Mendengar ancaman, Bung Karno mengamuk.

Bung Karno dalam biografinya menulis, “Lalu apa? Teriakku sambil melompat dari kursi dalam keadaan sangat marah. Aku melompat ke tengah para pemuda yang memegang senjata itu, menekukkan kepalaku ke bawah, menjulurkan leherku keluar dan membuat gerak untuk memotong tenggorokanku.”

“Ini, katakau mencemooh. Ini leherku. Boleh potong. Hayo, boleh penggal kepalaku. Kalian bisa membunuhku, tapi aku tidak pernah mau mengambil risiko, untuk melakukan pertumpahan darah yang sia-sia, hanya karena kalian hendak melakukan sesuatu menurut kemauan kalian,” tulis biografi Soekarno.

Ribut-ribut itu baru berakhir sekira tengah malam. Namun, kurang lebih pukul 03.00 WIB atau ketika waktu makan sahur (karena saat itu bulan Ramadhan) pada 16 Agustus 1945, para pemuda itu kembali datang ke rumah Bung Karno dan Bung Hatta.

“Penculikan” hingga Proklamasi

Para pemuda termasuk Sukarni menyampaikan kepada Bung Karno dan Bung Hatta, pada hari itu belasan ribu pejuang termasuk dari Pembela Tanah Air (PETA) dan Heiho akan menyerbu Jakarta untuk revolusi. Maka, Soekarno dan Hatta harus diamankan.
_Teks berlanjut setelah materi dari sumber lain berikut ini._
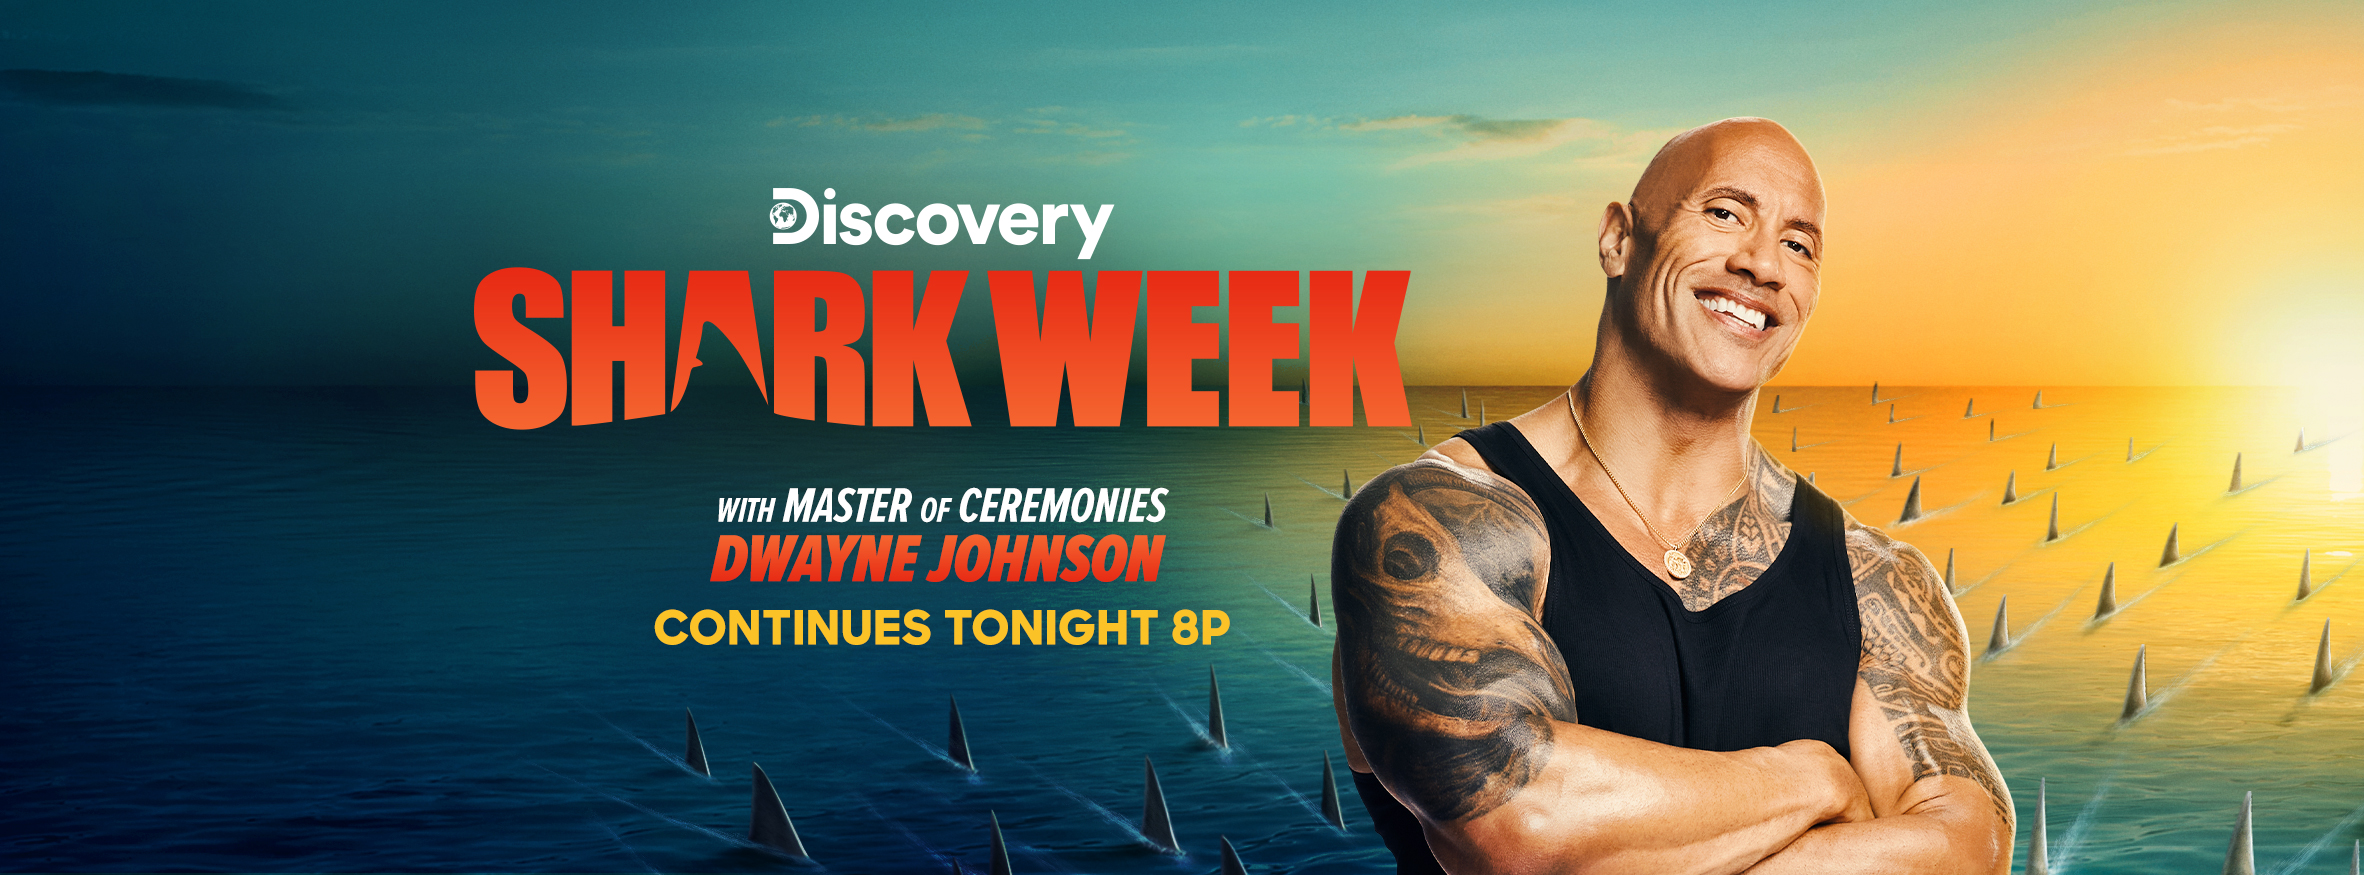 Discovery's Shark Week 2022 Grand Finale Winner Name Announced Contestants Prize Money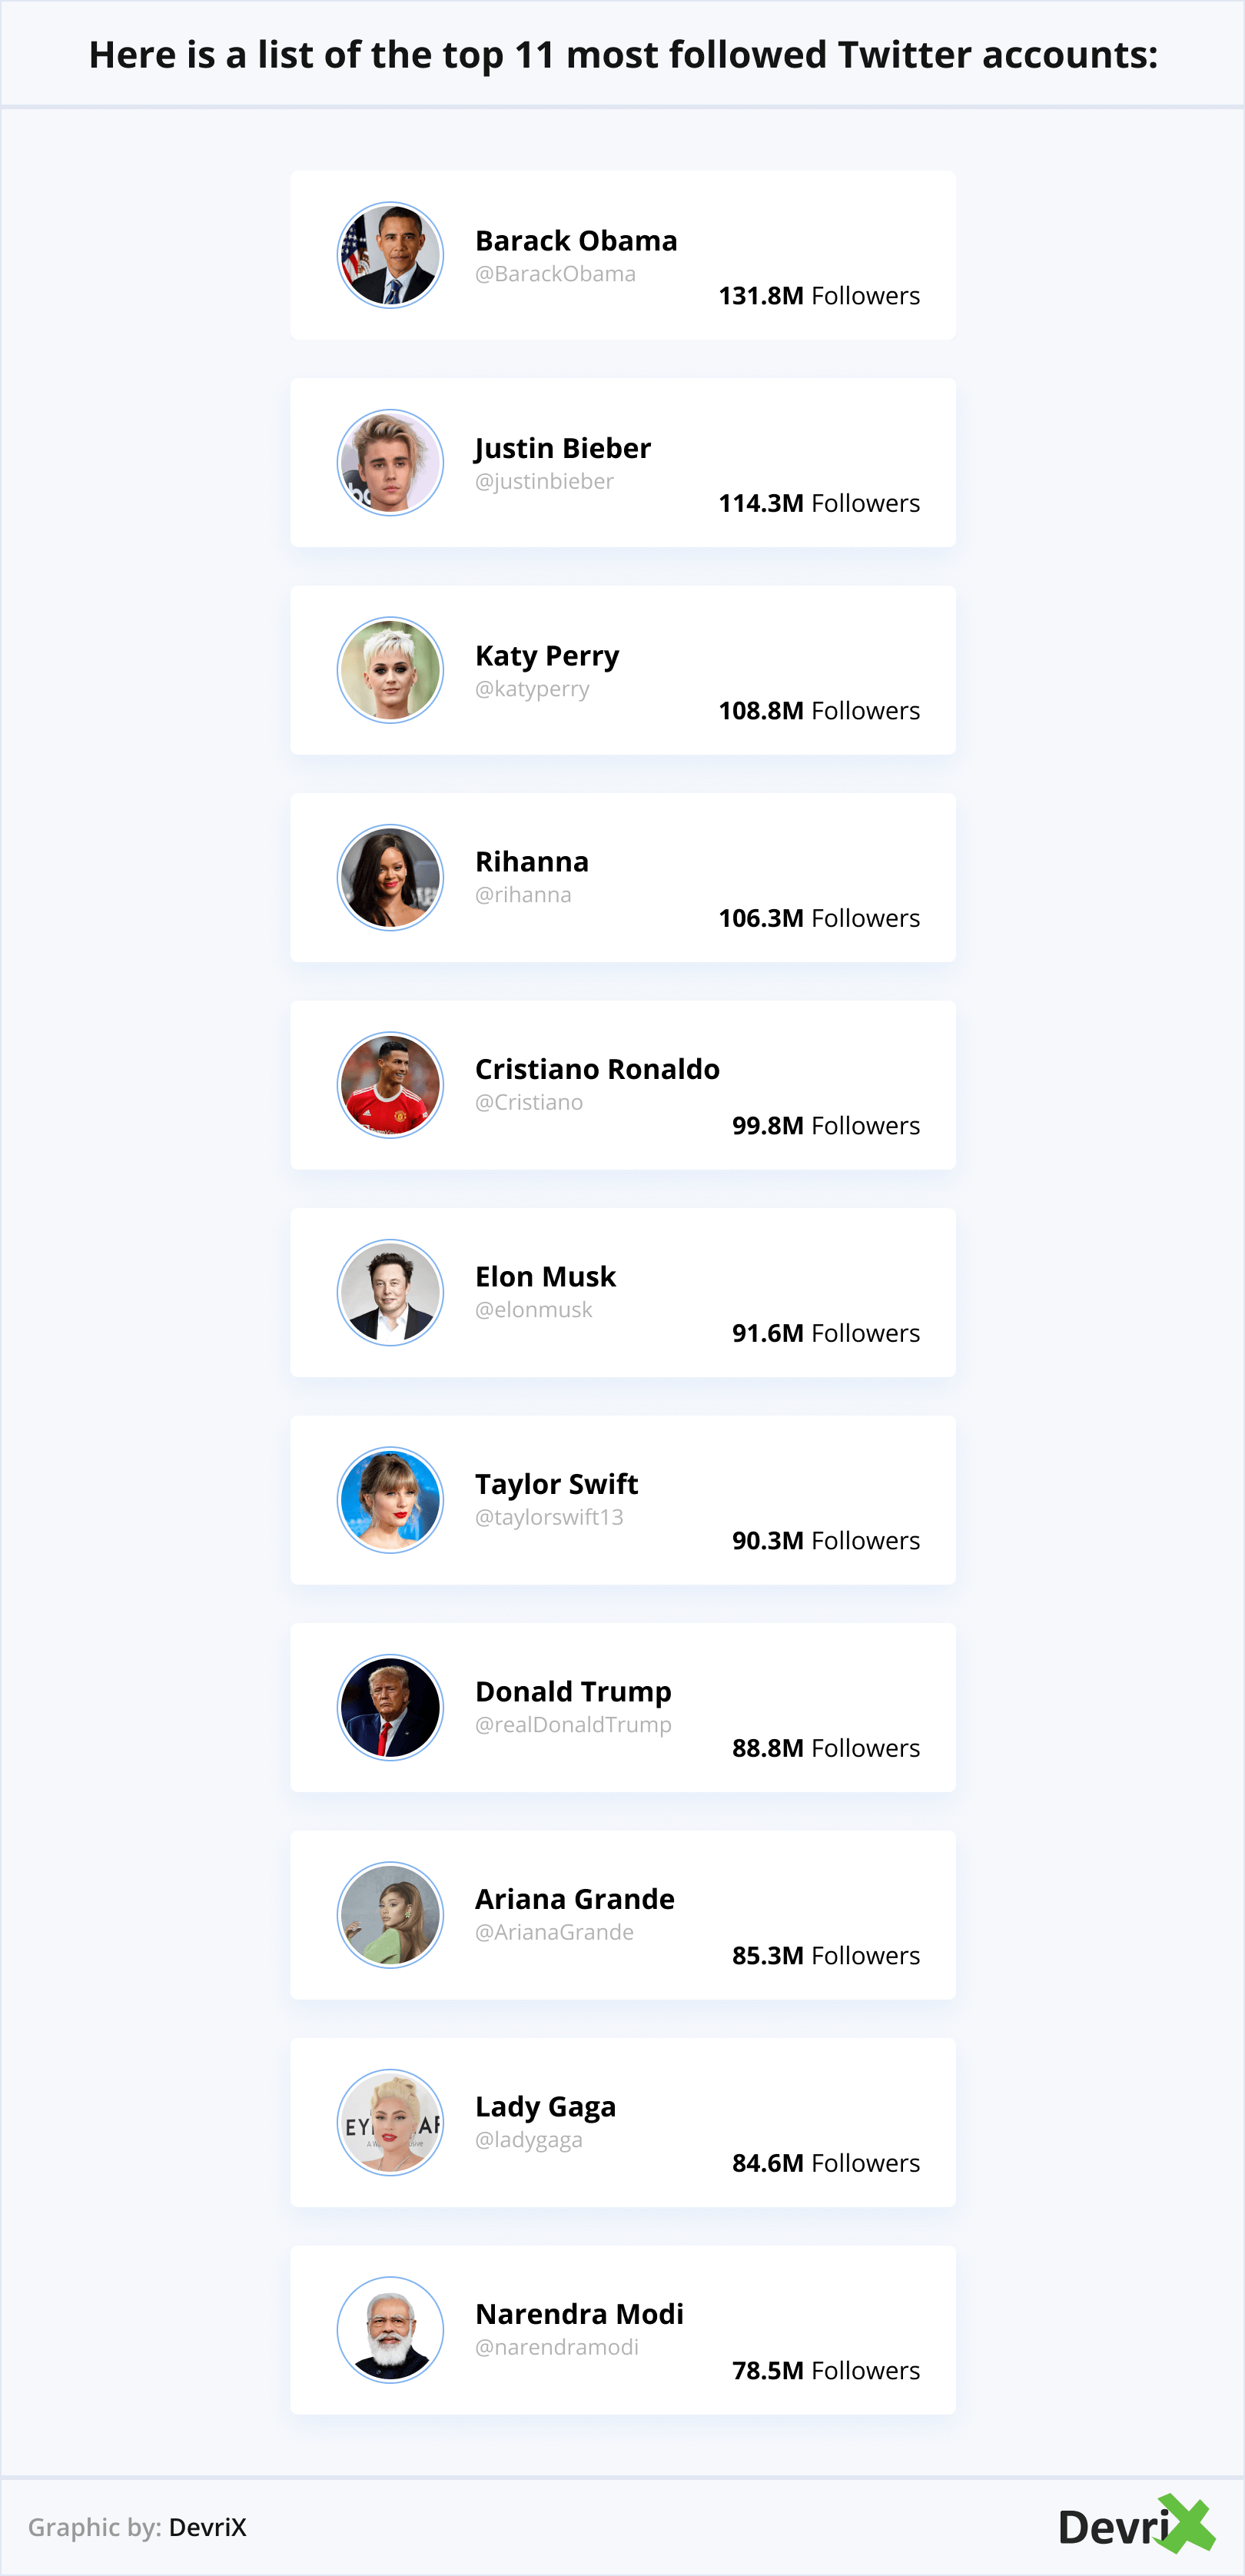 Here is a list of the top 11 most followed Twitter accounts

Hatta resah karena pada hari itu pukul 10.00 WIB PPKI akan menggelar rapat kemerdekaan Indonesia. Namun, dia tetap menurut.

Dari rumah Hatta, rombongan beranjak ke rumah Bung Karno. Bung Karno membawa serta istrinya, Fatmawati dan anak pertama mereka, Guntur yang baru berumur sembilan bulan.

Bung Karno dan Bung Hatta dibawa dengan mobil sedang menuju asrama PETA di Rengasdengklok, Karawang.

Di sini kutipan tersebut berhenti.